I somewhat bungled my reply, so I’m writing a better version here.
My friend claims that proposition (1) is self-justifying, i.e. it needs no further justification. He did not explain how he thinks he knows this.
One might think that nearly everyone has a strong intuition that killing babies is wrong, so the need to supply further justification is weak, or null. That’s true now in the West, but historically false.1
When we say a belief is self-justifying, we run into trouble if others disagree. Maybe we can persuade them by illustration or example or something, but often we’ll reach an impasse where the only option is a biff on the nose.
Consider a more controversial claim:
- Killing pigs is wrong.
There, it seems to me, we do want to ask “why”?
And then we get into all the regular questions about criteria for moral consideration.
And then we might think: ok, do those criteria apply to babies?
And then we get to the thing that Singer noticed: that it’s hard to explain why we should not kill babies without citing criteria that also apply to many animals.

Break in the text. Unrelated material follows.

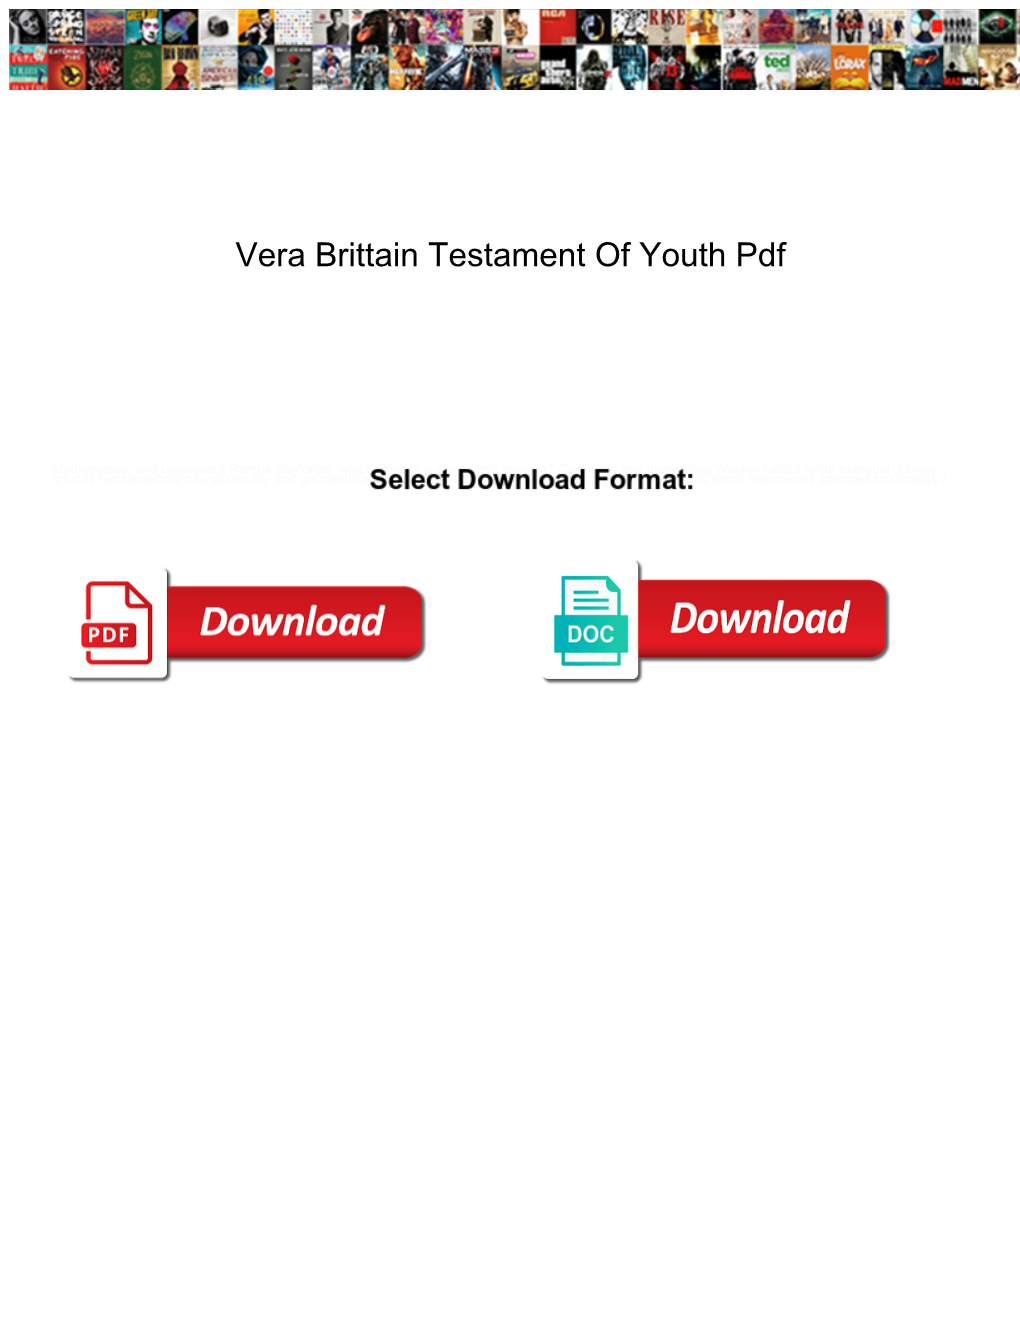 Vera Brittain Testament of Youth Pdf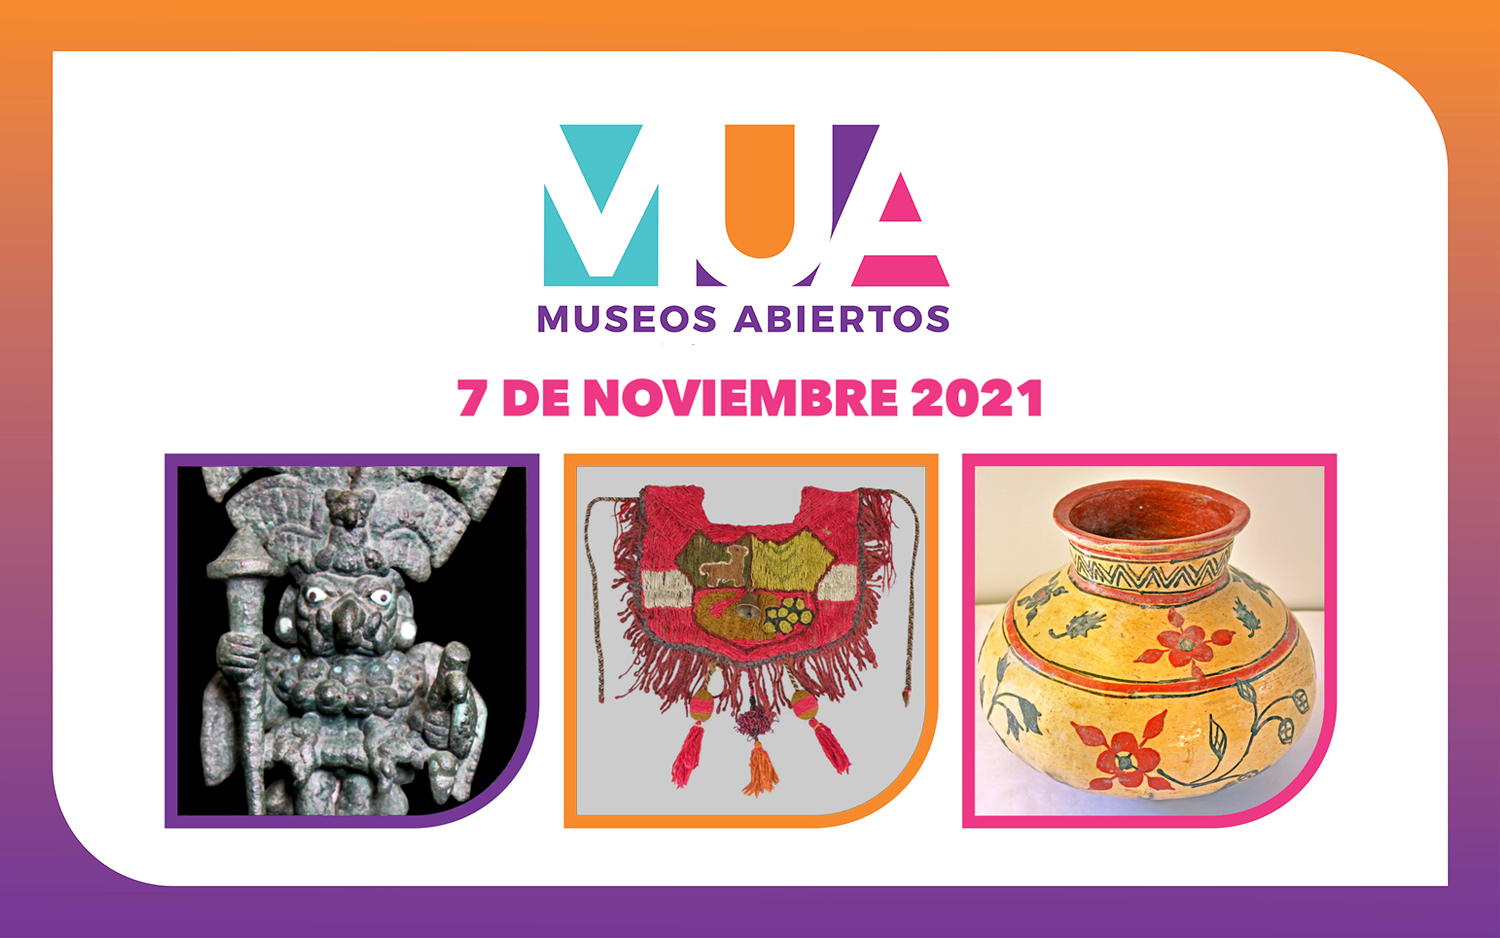 Actividades de "Museos Abiertos" - MUA en noviembre 2021

A natural thought, of course, is just: “well, babies are humans!” But what, exactly, makes humans worthy of special treatment? And: how special, exactly?
Impartial utilitarians deny that humans should get special treatment just because they’re humans. Instead they’ll appeal to things like consciousness and sentience and self-awareness and richness of experience and social relations and future potential and preferences and so on (and they’ll usually claim these are most developed in humans compared to other animals). They usually conclude that humans often deserve priority over other animals, but they deserve it because of these traits, not just because they are human. To privilege humans just because they are human is “specisism”, a vice akin to racism.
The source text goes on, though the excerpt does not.